Tuesday, May 1, 2012

Some Thoughts on Christian-Muslim Talks

Although I do not write much about dialogues with other religions, or even other branches of Christianity, I am familiar with most everything religious, and even an expert in some things. I found out, however, at this Christian-Muslim roundtable this past Sunday, that I have a lot to learn...

There were about 70 people at this roundtable ( we were organized into groups of seven or so), and every table had a couple of flavors of Christianity and a Muslim. It turns out that most of the Muslims were of the Sunni tradition, and one of the women at my table was raised a Methodist and married into Islam 25 years ago. The conversations revolved around religious practices, as the doctrine of Love God and love your neighbor was assumed to be enough to go on for purposes of this event. (As one Methodist remarked, however, for some Christians that is not enough...and Muslims too I am told.)

Muslims pray five prayers a day--and some pray 3 times to fufill that ritual, and others pray 5 times a day to fufill this requirement. But notice how different that is from Christians. Christians pray, but it is hardly a requirement. In fact, I can think of three or four famous Christian theologians off the top of my head who remarked (in print!) their dis-ease with praying, and sometimes they even forgot to pray. But for Islam not only is prayer a defining characteristic, but it is THE defining characteristic. For those of us Christians the question I ask is this: what ritual defines Christianity?

Baptism could be one...but it usually only happens once in a lifetime, and for some people such as myself, it happened so early in my life I can't even remember it. Communion would be one, but some Christians practice communion so infrequently that it is hardly a life-sustaining ritual, much less a defining one. We could use prayer, but other than family members, religious leaders, and maybe people in your small group, do you know anybody else who prays? I mean, if you are a Christian and a Muslim lives on one side of your house and another Christian lives on the other, which one do you think you'll have a better chance of interrupting their prayer when you go over to borrow an egg?

I am led to believe that Christianity is more of a belief system than a ritual system. What I mean by that is that Christianity is about what your core ideas, values, and beliefs are in and about the world, God, yourself, and your neighbor rather than a set of practices about how to be Christian. That explains, as you can see, the huge variety of Christianities out there, and the relative cohesiveness of Islam. In fact, the woman at my table who converted to Islam said that was a main reason why she converted. There were too many choices in Christianity-- too many chances, she noted, at getting it wrong.

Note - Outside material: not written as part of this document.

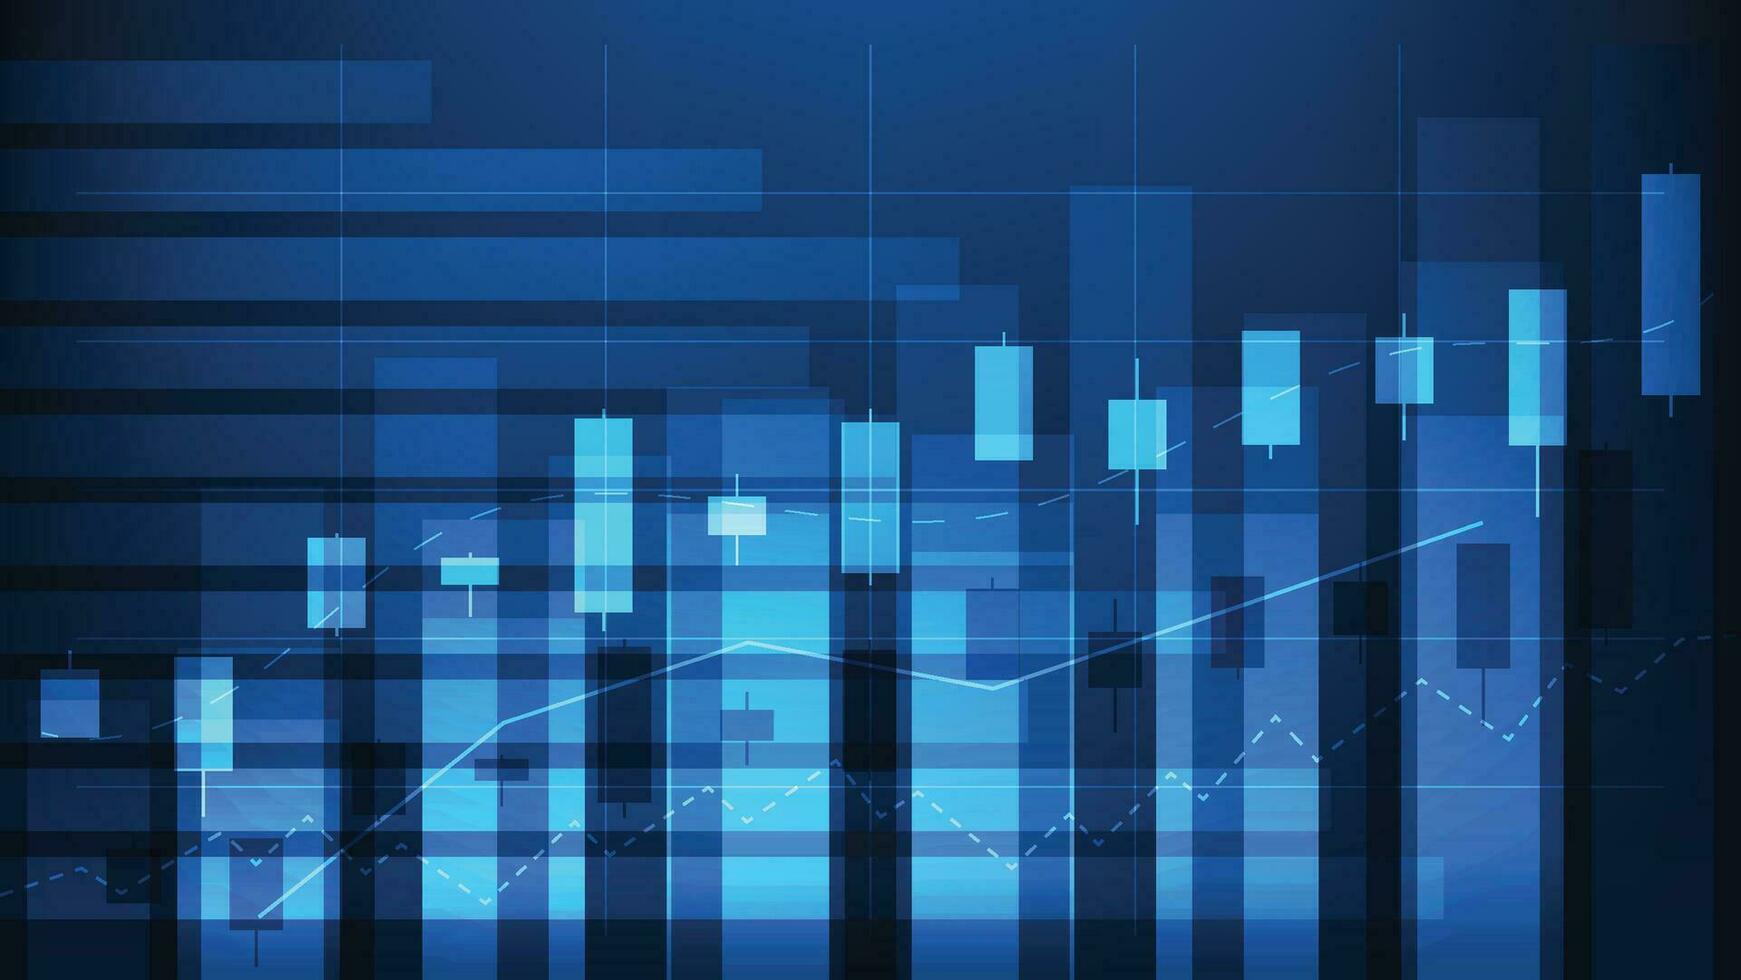 financiero negocio Estadísticas con bar grafico y candelero gráfico espectáculo valores mercado precio en oscuro azul antecedentes vector

I agreed with her, there are in Christianity way too many chances to get life wrong...but here's the thing--every religion, every belief, every idea has the chance to be wrong...the question is: which one has the chance to be right? Or, more importantly, to enable forgiveness to try again when you get it wrong? The mark of a good religion is not if it gets you where you want to go if you succeed; but rather, if you gets you there even when you fail.

May your tables be full, and your conversations be true.

3 comments:

kat said...

I stayed with a Christian family once (I think they were Catholic?--not sure) They would thank God before every meal and ask for safety of their family before sleeping---does that not make 4 prayers a day?

God is not a Jew or Christian or Muslim....God is Most Merciful, Most Compassionate---if we trust in that, then all we need to do is strive sincerely, to the best of our ability, to do God's will with all our heart.
God's will=right intentions that lead to right actionsfor the benefit of all of God's creations.

Scott Frederickson said...

Yes, Christians do pray, but when I have an image of a generic Christian pop into my mind it is not one at prayer...but it is when I think of a generic Muslim. I just find that interesting.

I do agree that if we would trust in God, our God-given gifts, and the power of living, we would be better off...but still, what happens if we do not? How does God behave then? Thanks for reading.

Scott Frederickson said...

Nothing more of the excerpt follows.